**Input data**.
---+---

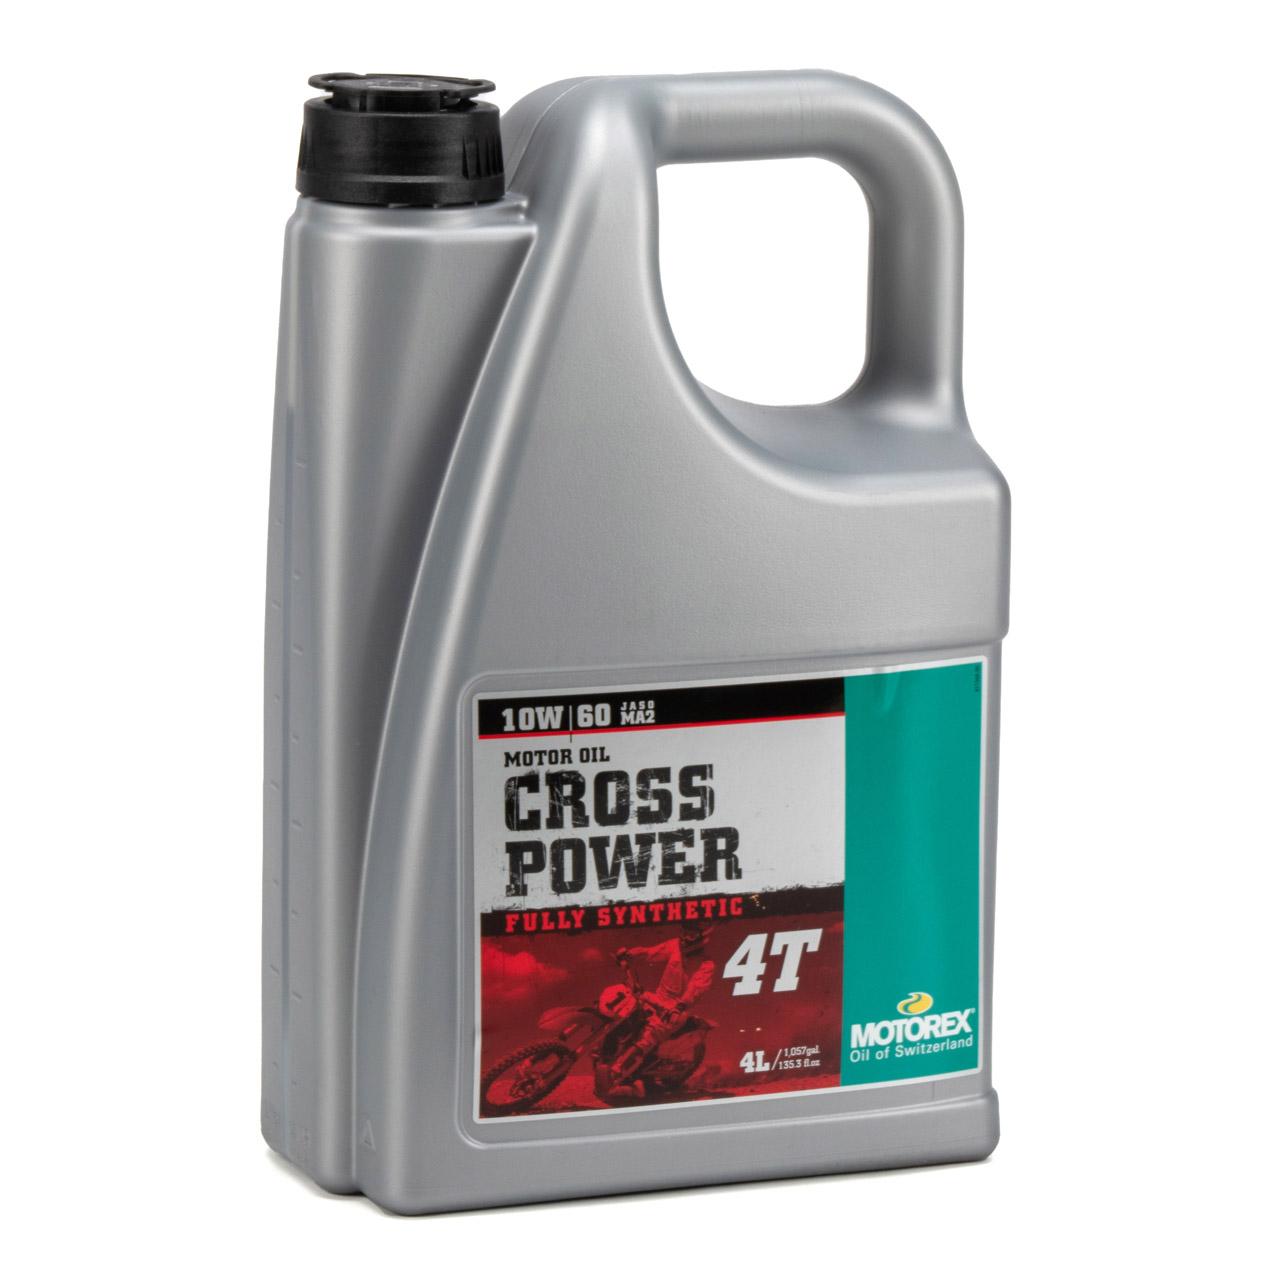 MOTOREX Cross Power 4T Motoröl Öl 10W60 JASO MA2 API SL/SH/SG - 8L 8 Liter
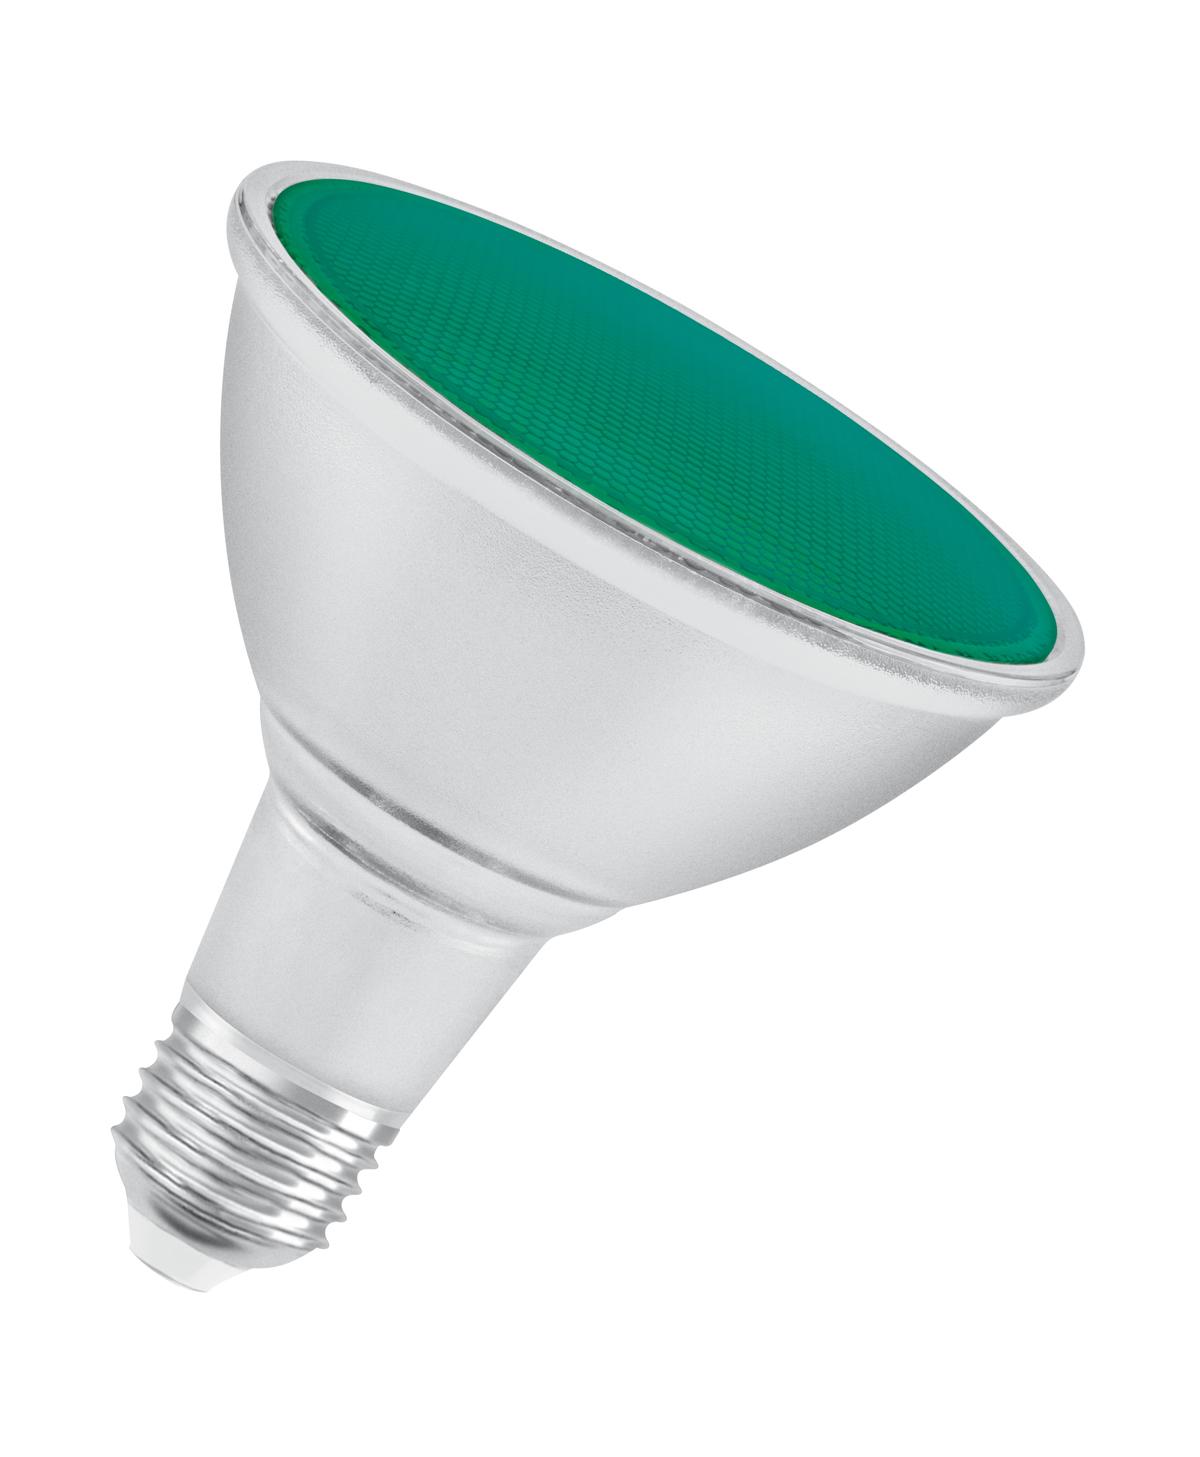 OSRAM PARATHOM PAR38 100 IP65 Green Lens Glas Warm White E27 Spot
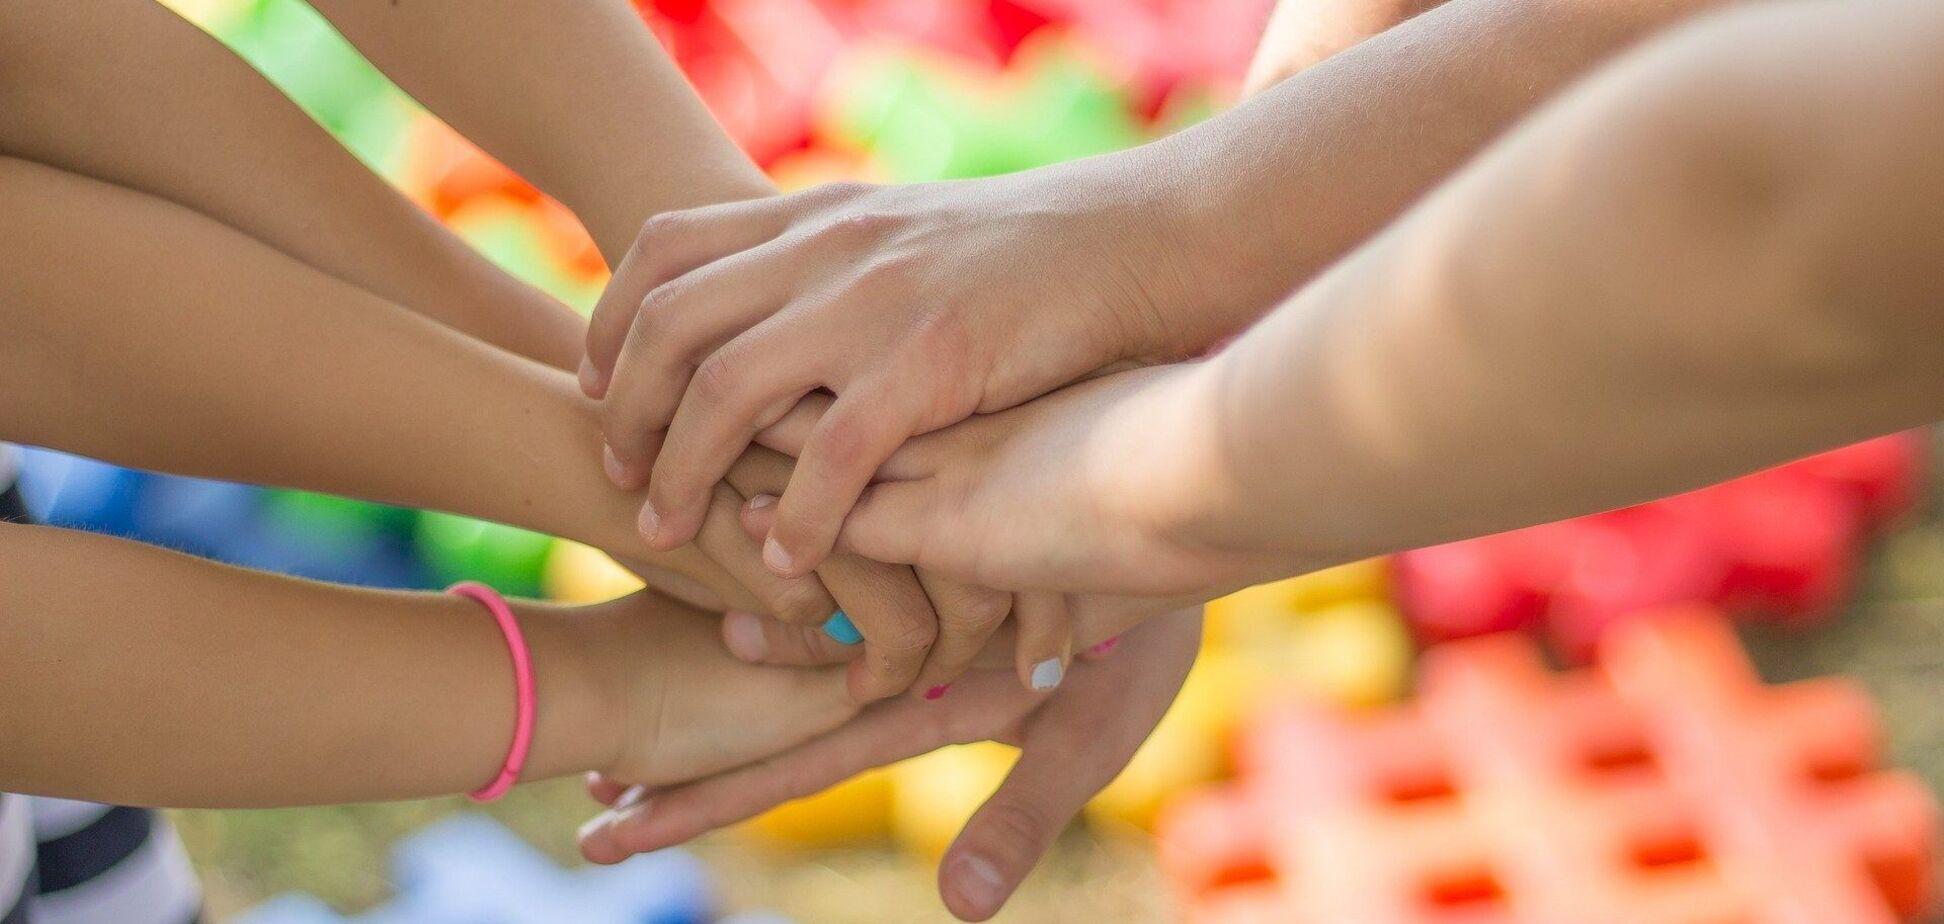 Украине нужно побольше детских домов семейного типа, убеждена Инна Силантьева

---+---

**What is needed**.
Return all of the lines above without alteration, minus the pictures.

**Answer to the problem**.
 MOTOREX Cross Power 4T Motoröl Öl 10W60 JASO MA2 API SL/SH/SG - 8L 8 Liter
 OSRAM PARATHOM PAR38 100 IP65 Green Lens Glas Warm White E27 Spot
 Украине нужно побольше детских домов семейного типа, убеждена Инна Силантьева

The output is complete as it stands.